** Data records follows **

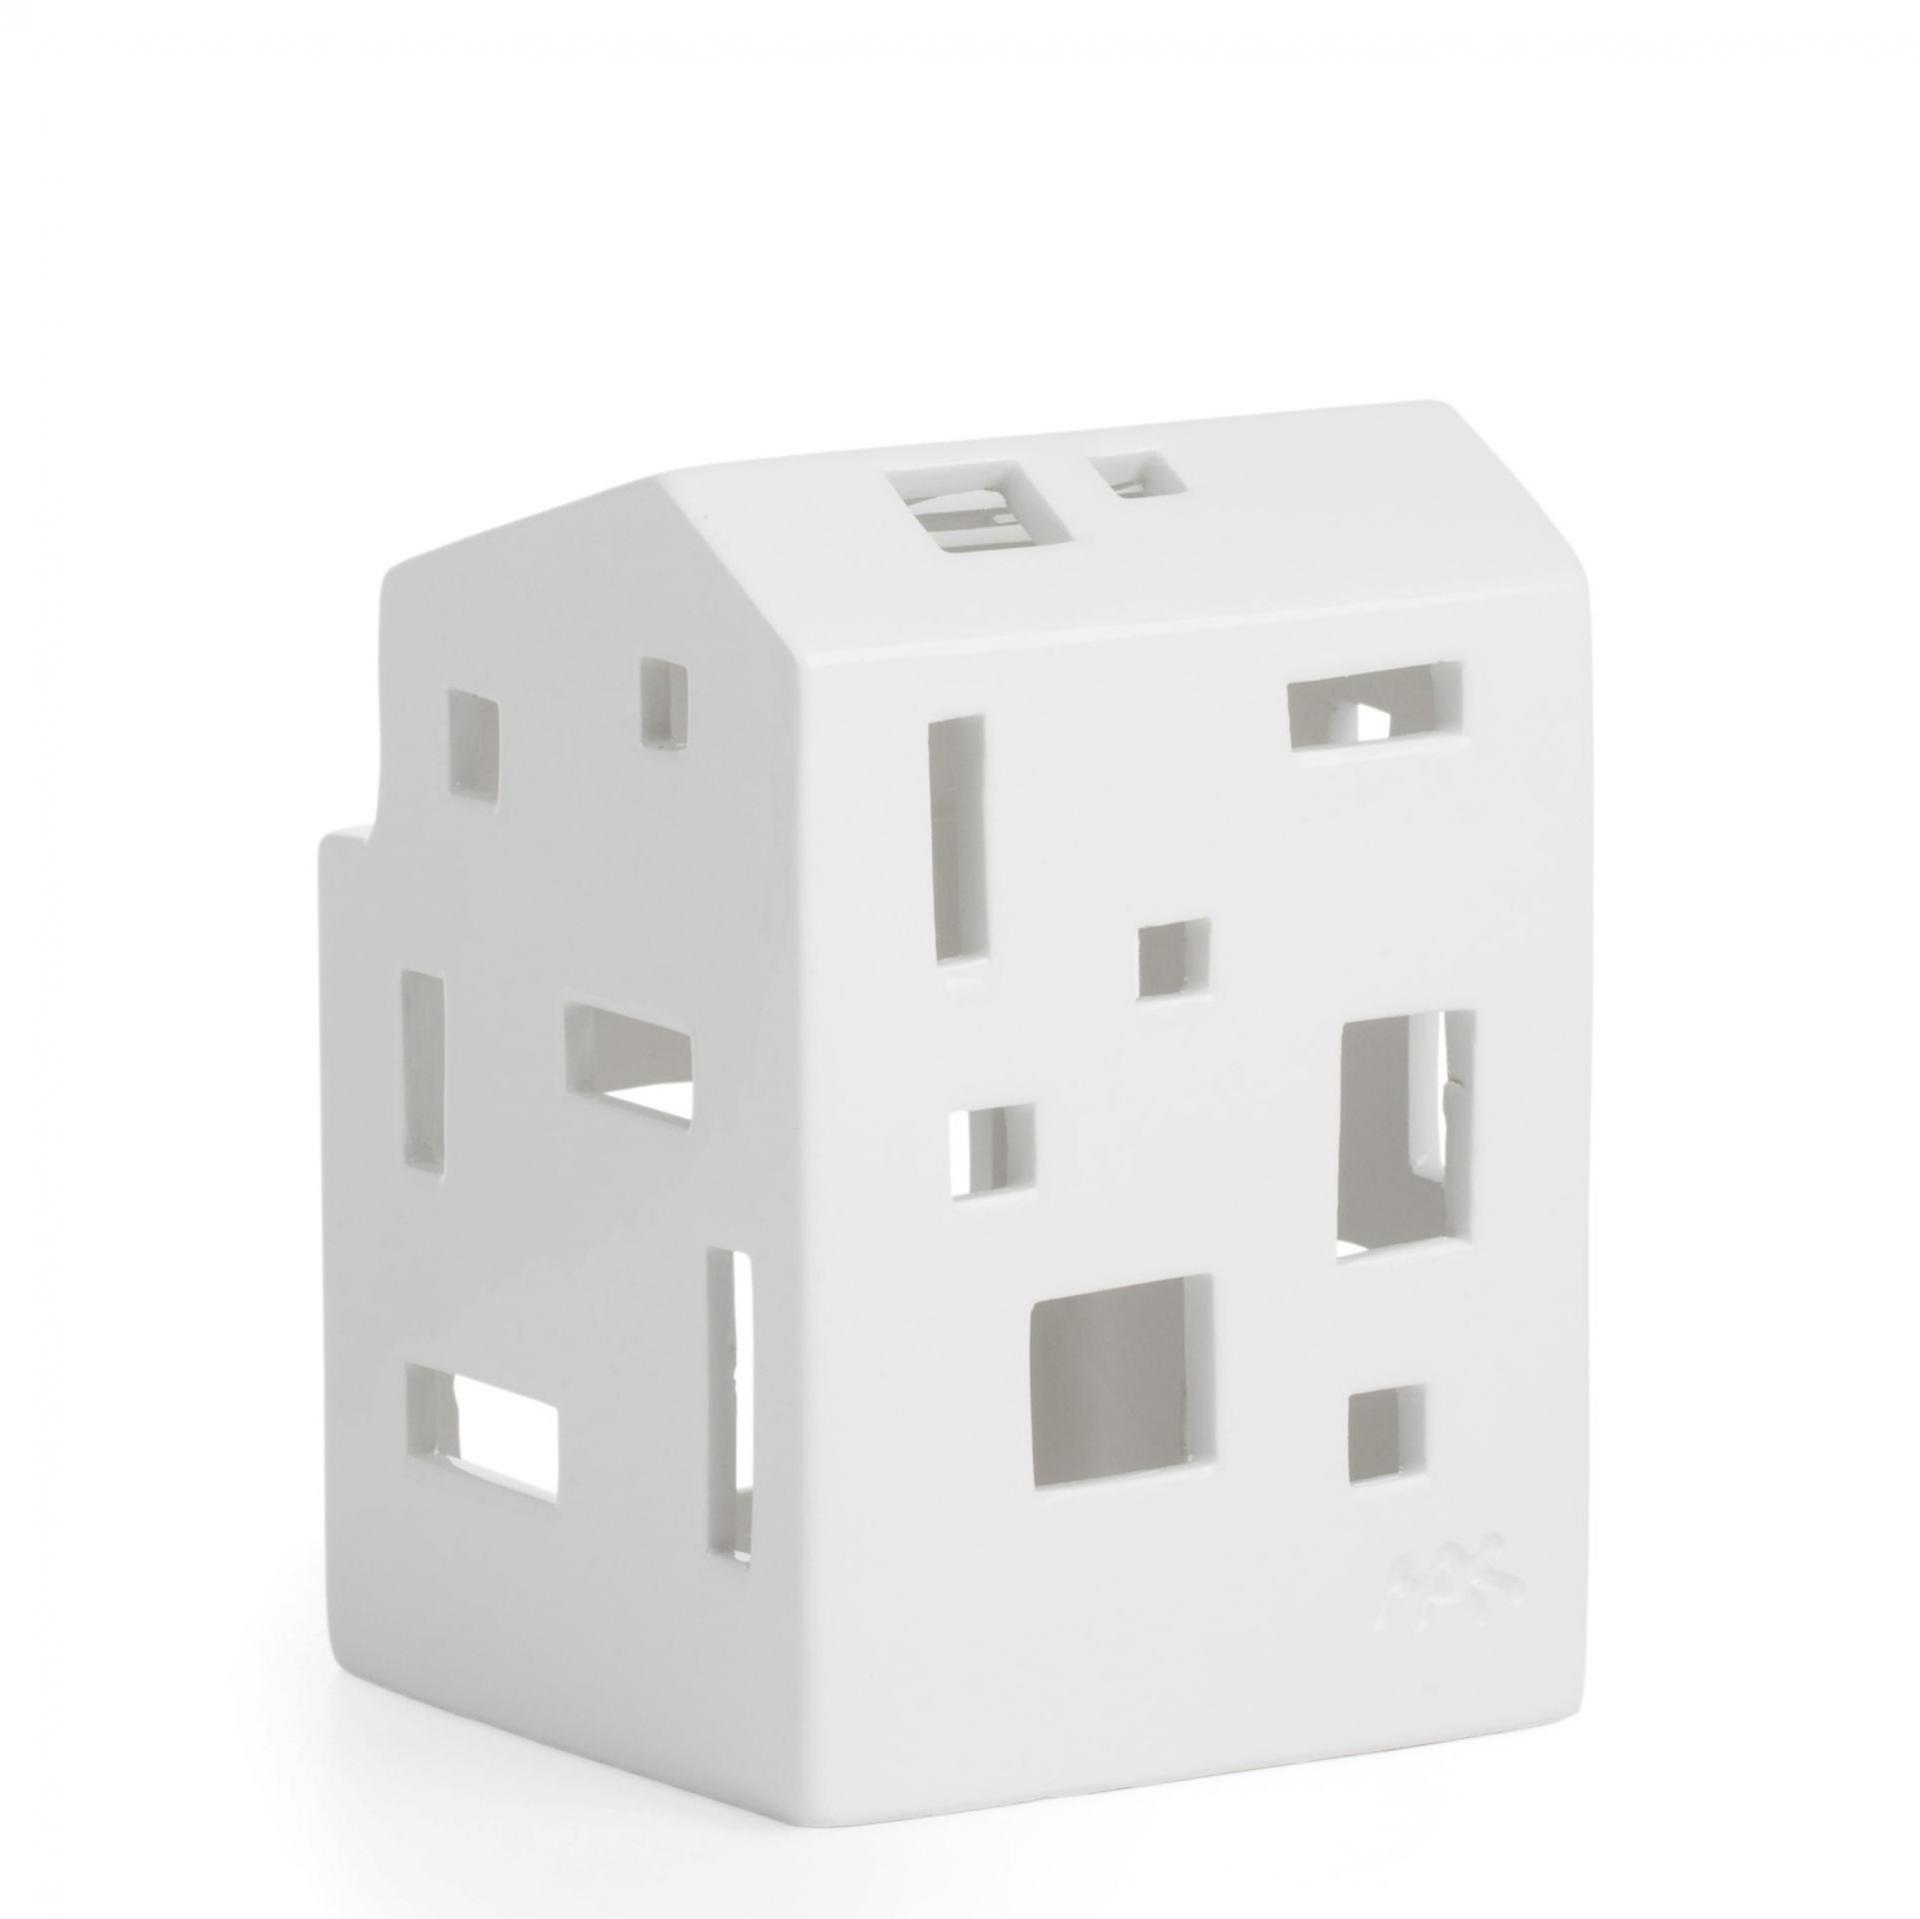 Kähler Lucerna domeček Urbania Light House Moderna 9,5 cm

** End of Data records **
** Data records follows **

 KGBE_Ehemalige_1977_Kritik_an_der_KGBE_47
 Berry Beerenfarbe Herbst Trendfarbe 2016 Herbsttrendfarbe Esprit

** End of Data records **
** Data records follows **

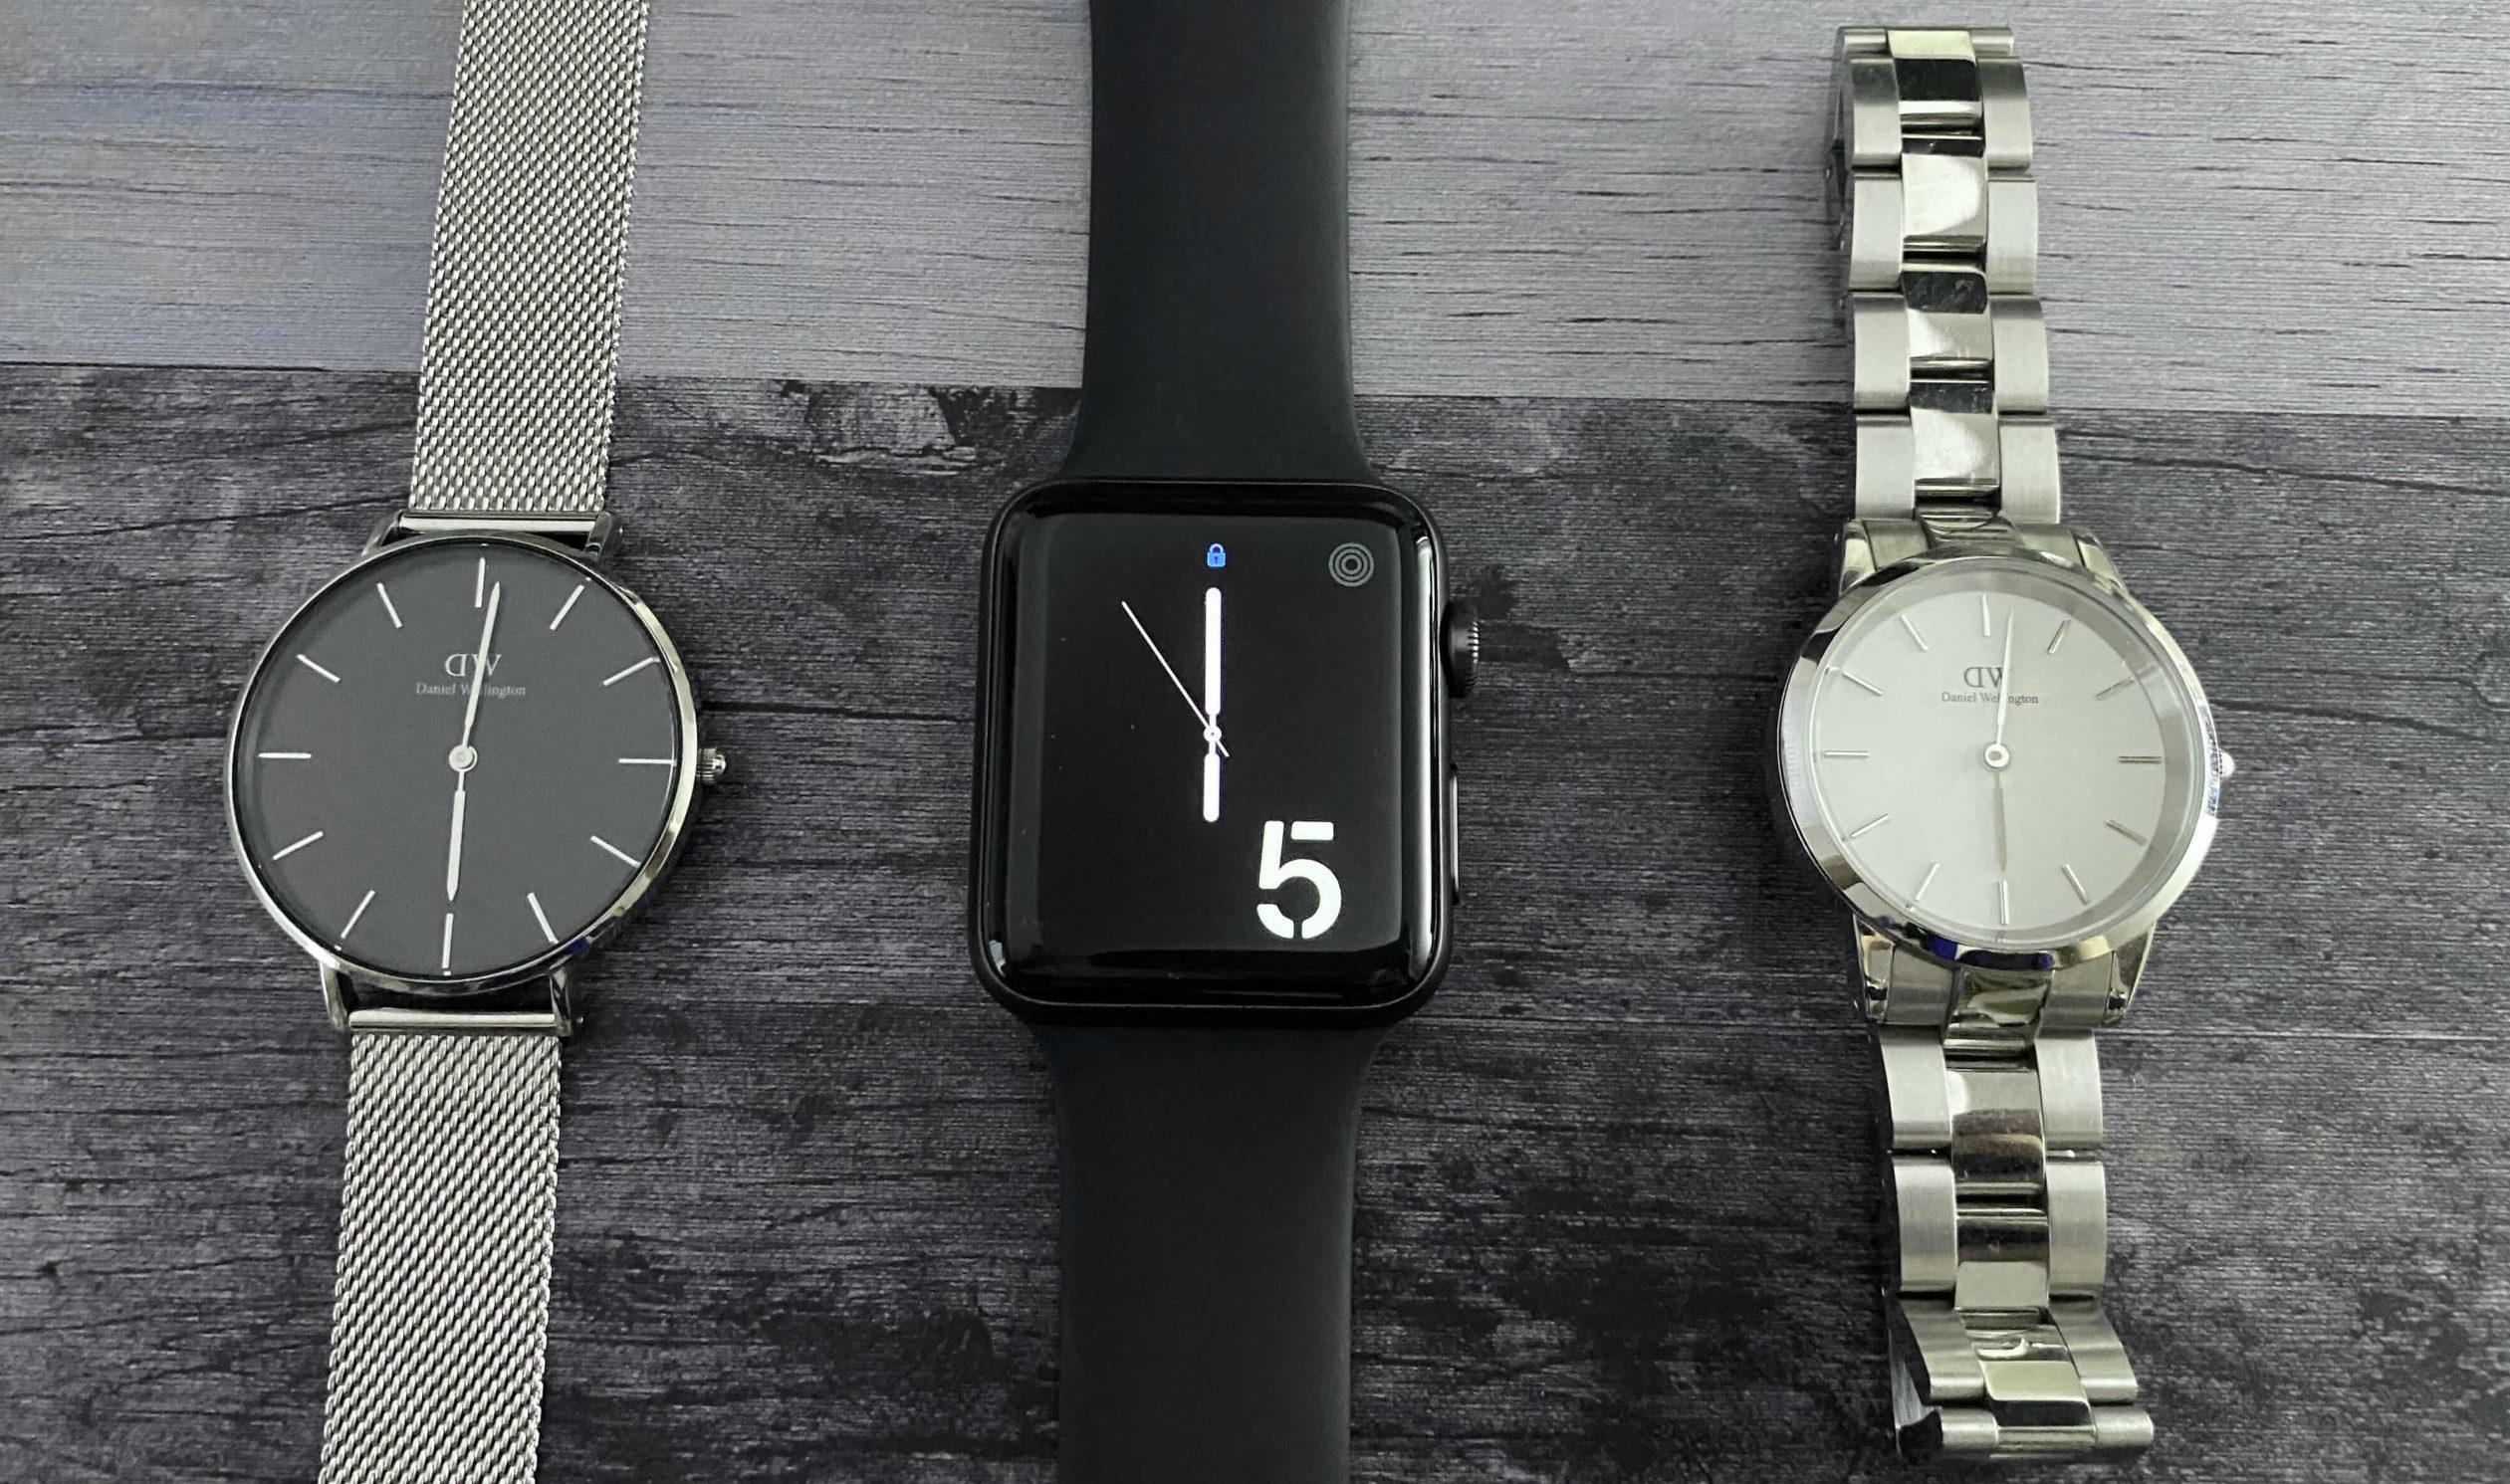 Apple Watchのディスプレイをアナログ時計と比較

** End of Data records **

Give only the lines from the one holding "KGBE_Ehemalige_1977_Kritik_an_der_KGBE_47" through the one holding "Berry Beerenfarbe Herbst", each restated exactly as it appears above.

 KGBE_Ehemalige_1977_Kritik_an_der_KGBE_47
 Berry Beerenfarbe Herbst Trendfarbe 2016 Herbsttrendfarbe Esprit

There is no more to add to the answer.